RNN具有记忆性,经过训练可以学习到时间序列数据的潜在规律,并可以结余这种规律随机生成新的序列。
本例通过将美国现有城市录入RNN,RNN学到城市名称的潜在规律后,随机生成新的城市名称。下图为全美棒球联盟的队徽,几乎每个城市都有自己的棒球队,并且会以城市的名称命名棒球队。
1、数据清洗与特征化
数据集文件位于../data/US_Cities.txt中
数据处理代码逻辑如下
path = "../data/US_Cities.txt"
maxlen = 20
file_lines = open(path, "r").read()
X, Y, char_idx = \
string_to_semi_redundant_sequences(file_lines, seq_maxlen=maxlen, redun_step=3)
2、RNN训练模型构建
这里是使用LSTM构建,设计如下所示
具体代码如下所示
g = tflearn.input_data(shape=[None, maxlen, len(char_idx)])
g = tflearn.lstm(g, 512, return_seq=True)
g = tflearn.dropout(g, 0.5)
g = tflearn.lstm(g, 512)
g = tflearn.dropout(g, 0.5)
g = tflearn.fully_connected(g, len(char_idx), activation='softmax')
g = tflearn.regression(g, optimizer='adam', loss='categorical_crossentropy',
learning_rate=0.001)
3、实例化序列器
m = tflearn.SequenceGenerator(g, dictionary=char_idx,
seq_maxlen=maxlen,
clip_gradients=5.0,
checkpoint_path='model_us_cities')
4、验证效果
使用随机种子,通过RNN模型随机生成城市名称
for i in range(40):
seed = random_sequence_from_string(file_lines, maxlen)
m.fit(X, Y, validation_set=0.1, batch_size=128,
n_epoch=1, run_id='us_cities')
print("-- TESTING...")
print("-- Test with temperature of 1.2 --")
print(m.generate(30, temperature=1.2, seq_seed=seed))
print("-- Test with temperature of 1.0 --")
print(m.generate(30, temperature=1.0, seq_seed=seed))
print("-- Test with temperature of 0.5 --")

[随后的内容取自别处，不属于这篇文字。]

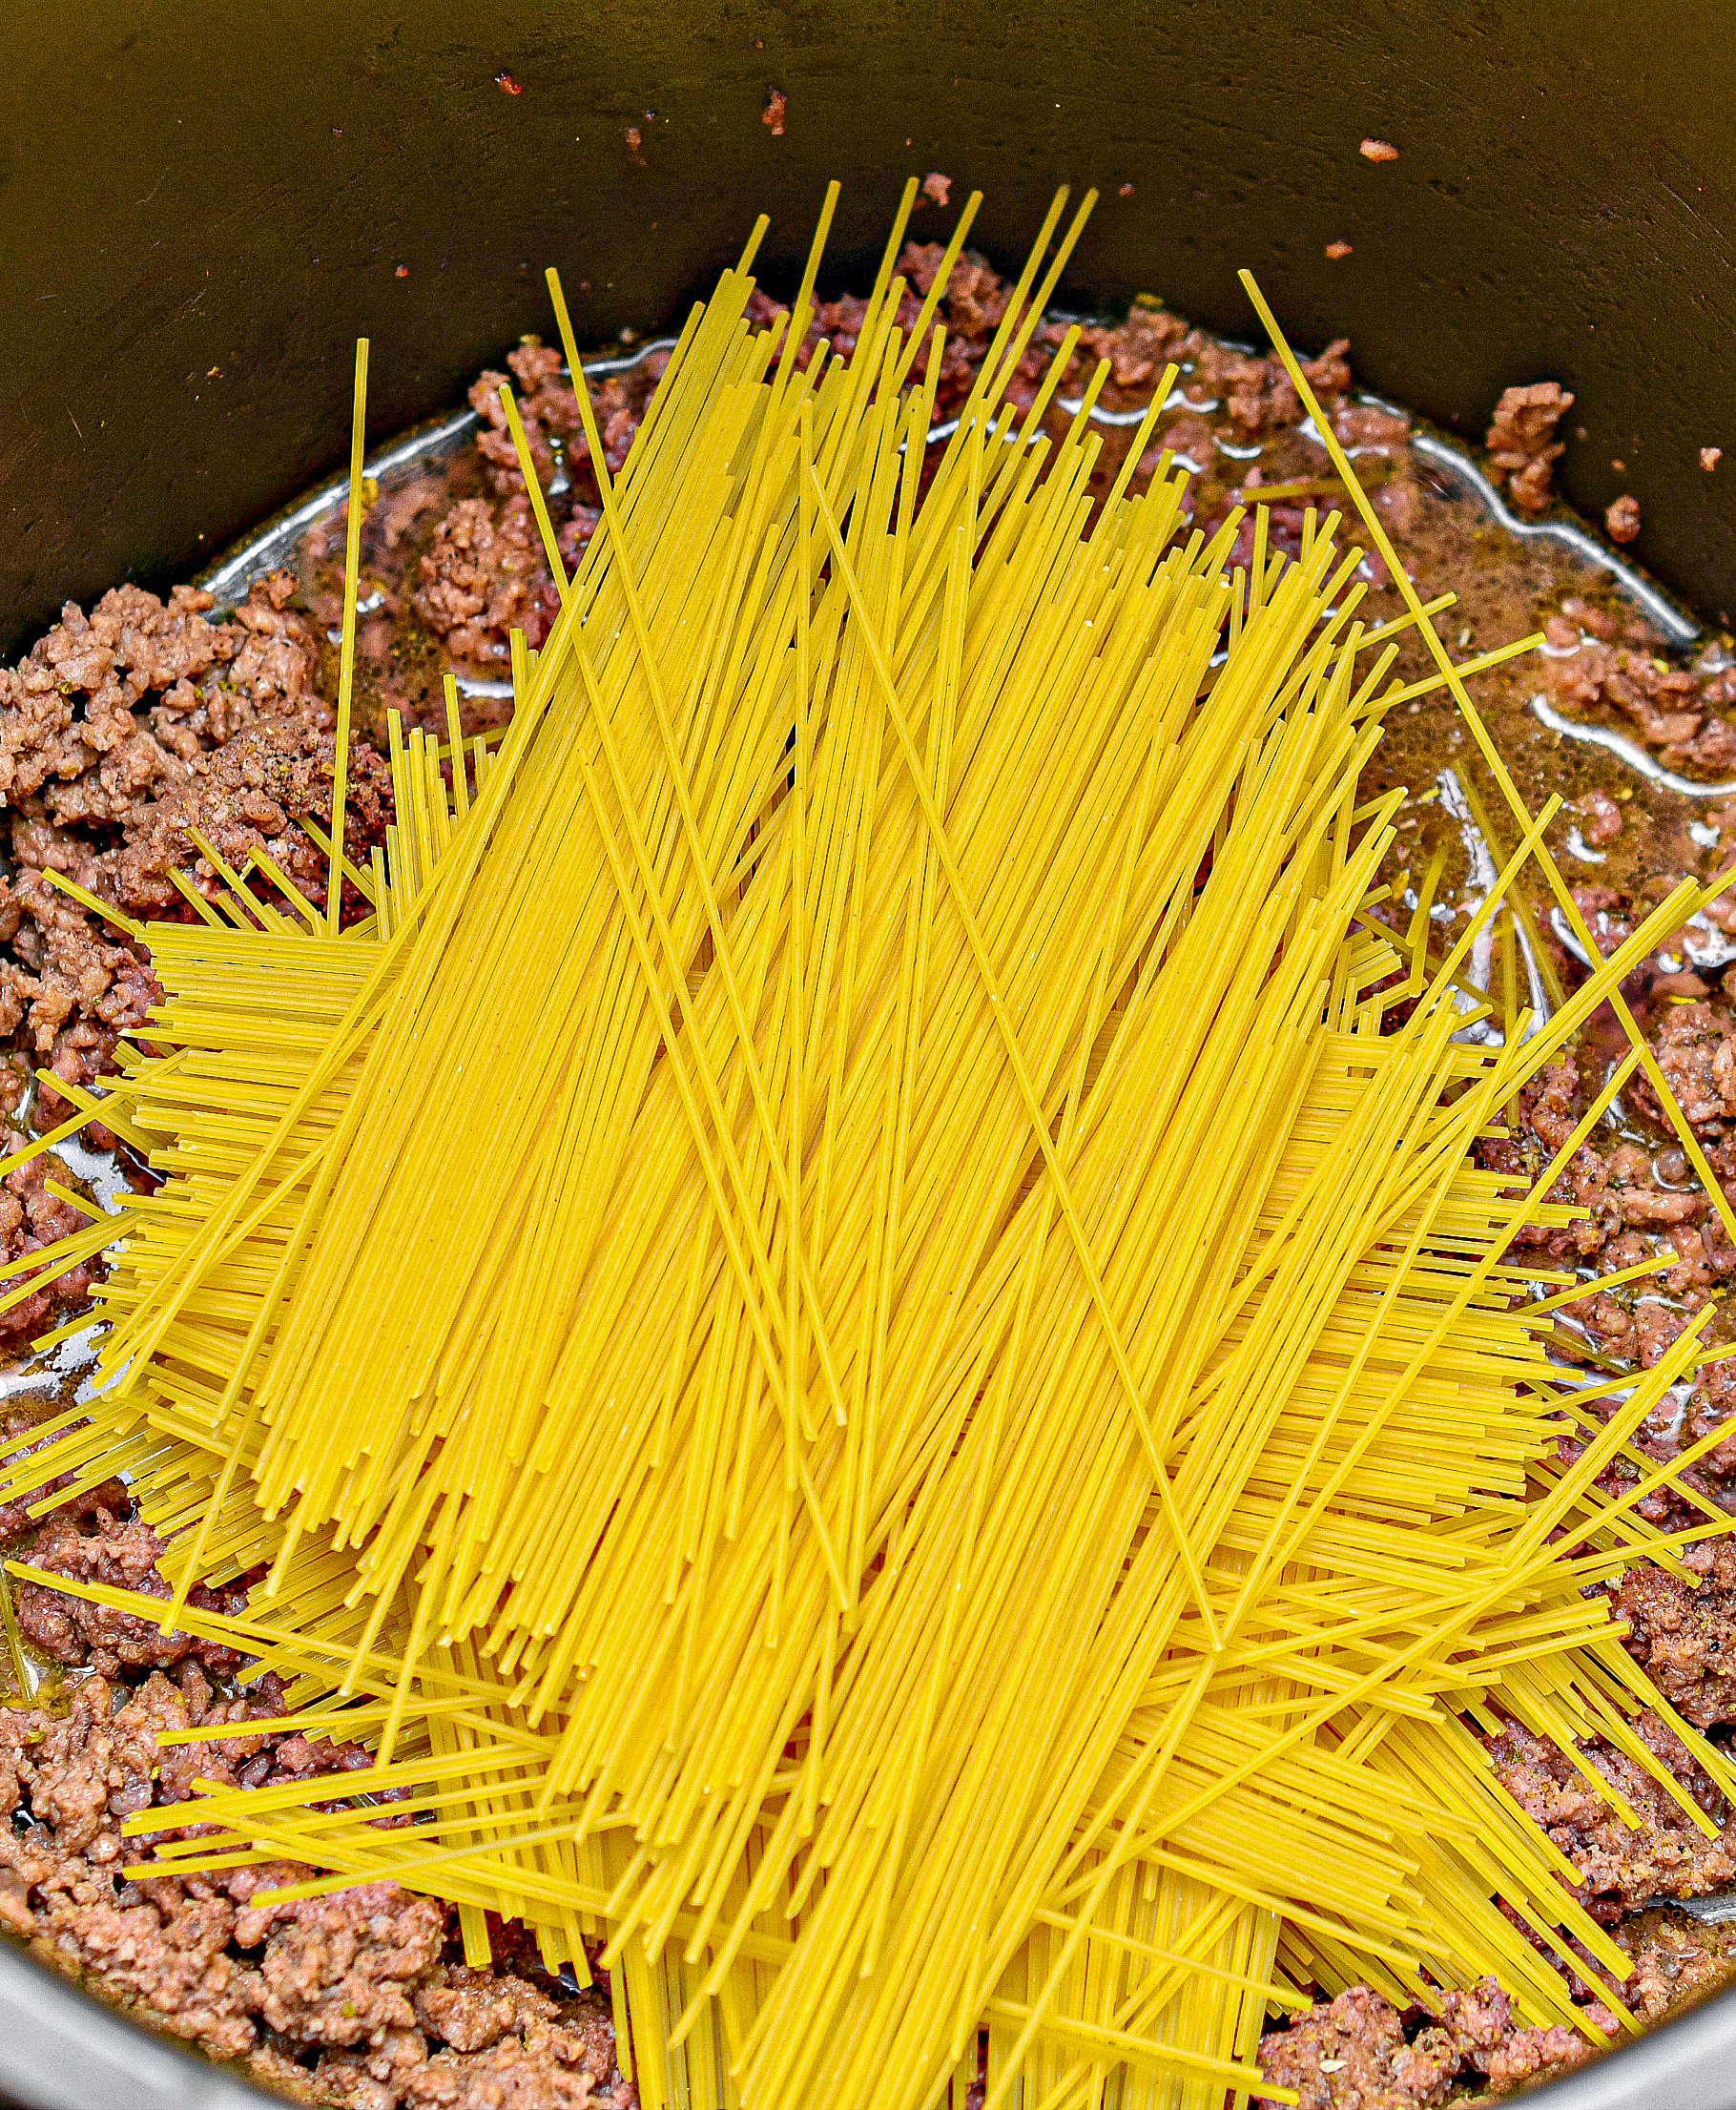 Break the spaghetti noodles in half, and layer them a little at a time on top of the meat mixture in the Instant Pot, layering the noodles in slightly different directions each time.

print(m.generate(30, temperature=0.5, seq_seed=seed))
5、运行结果
训练样本Training samples共62106个,测试样本Validation samples共 6901个
Training samples: 62106
Validation samples: 6901
生成城市
......
| Adam | epoch: 007 | loss: 2.02764 -- iter: 61824/62106
Training Step: 3400 | total loss: 2.00343 | time: 316.567s
| Adam | epoch: 007 | loss: 2.00343 -- iter: 61952/62106
Training Step: 3401 | total loss: 2.00492 | time: 317.206s
| Adam | epoch: 007 | loss: 2.00492 -- iter: 62080/62106
Training Step: 3402 | total loss: 2.03897 | time: 330.817s
| Adam | epoch: 007 | loss: 2.03897 | val_loss: 1.96934 -- iter: 62106/62106
--
-- TESTING...
-- Test with temperature of 1.2 --
vajo
Navarino
Navarrax-Pankime
Waatlophi
Laperting
-- Test with temperature of 1.0 --
vajo
Navarino
Navarrey Halls
Eals Carton
Banon
ar
-- Test with temperature of 0.5 --
vajo
Navarino
Navarroe
Sauet Mallan
Mauntan
Corenn
6、完整源码
from __future__ import absolute_import, division, print_function
import os
from six import moves
import ssl
import tflearn
from tflearn.data_utils import *
path = "../data/US_Cities.txt"
maxlen = 20
file_lines = open(path, "r").read()
X, Y, char_idx = \
string_to_semi_redundant_sequences(file_lines, seq_maxlen=maxlen, redun_step=3)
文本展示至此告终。